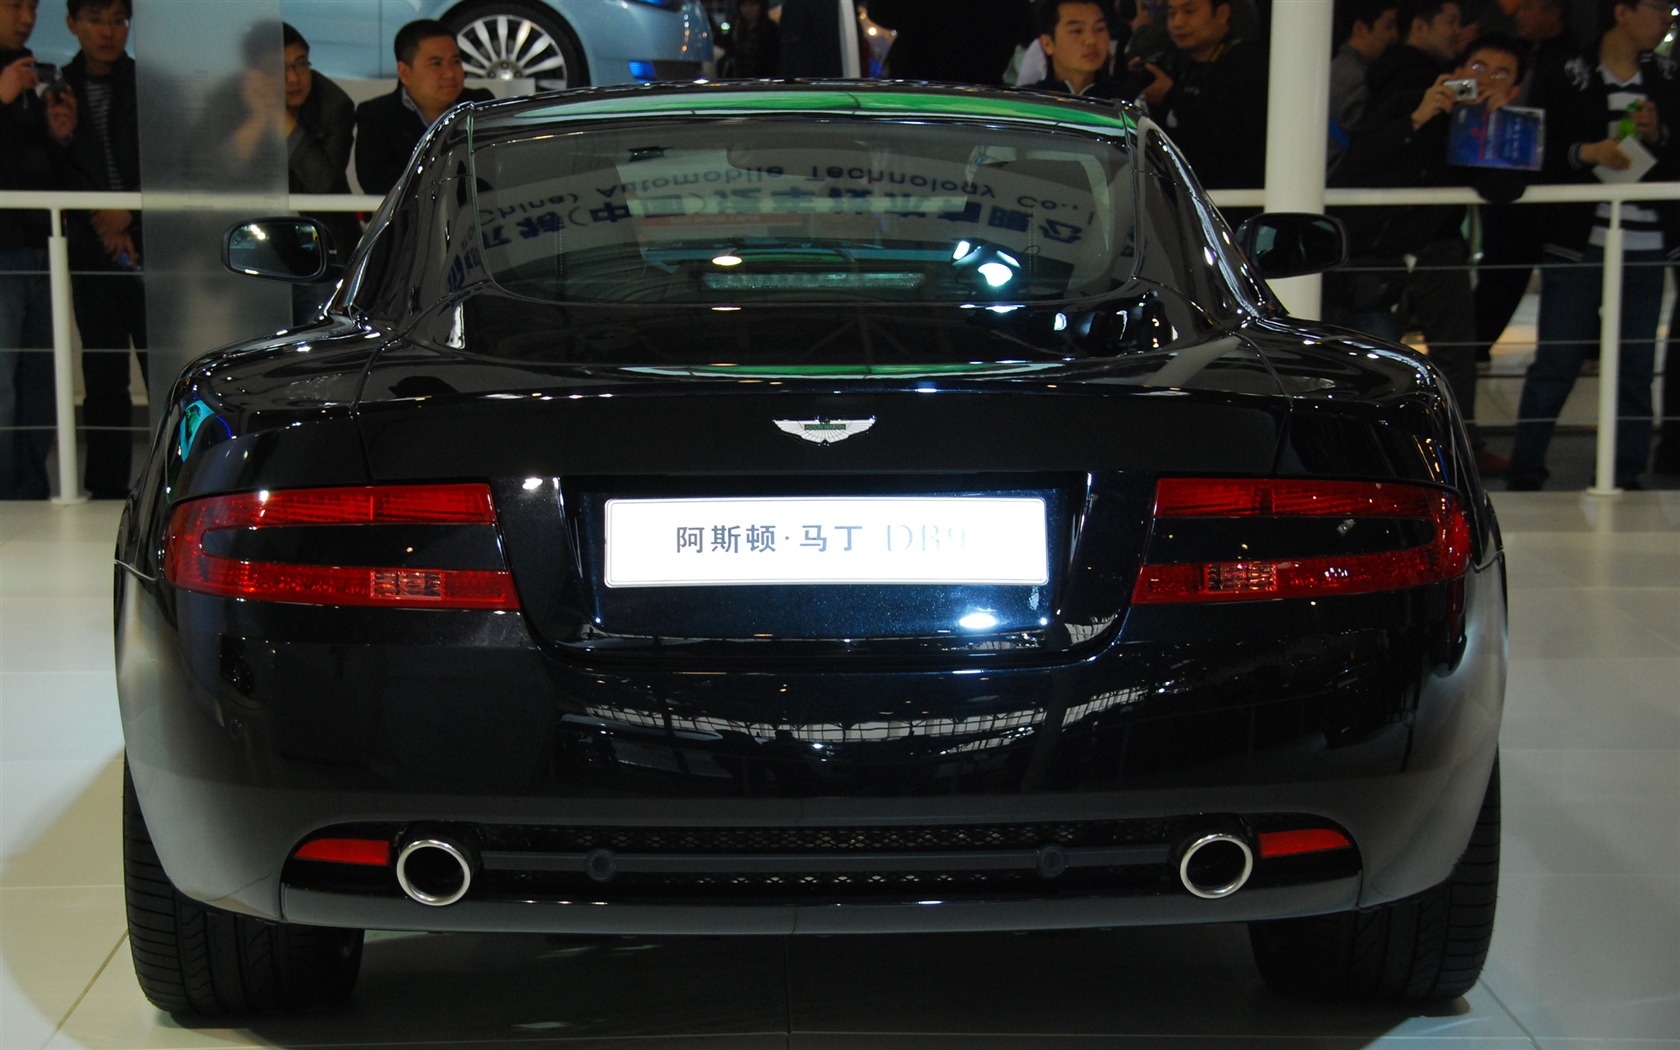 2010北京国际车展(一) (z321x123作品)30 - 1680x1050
* * *
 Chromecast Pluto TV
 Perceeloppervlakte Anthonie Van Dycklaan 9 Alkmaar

▶ **EXERCISE DESCRIPTION**
Look above for the line containing "Chromecast Pluto TV". Output from there through the line containing "Perceeloppervlakte Anthonie Van", exactly and inclusively.

▶ **RESPONSE TO THIS EXERCISE**
 Chromecast Pluto TV
 Perceeloppervlakte Anthonie Van Dycklaan 9 Alkmaar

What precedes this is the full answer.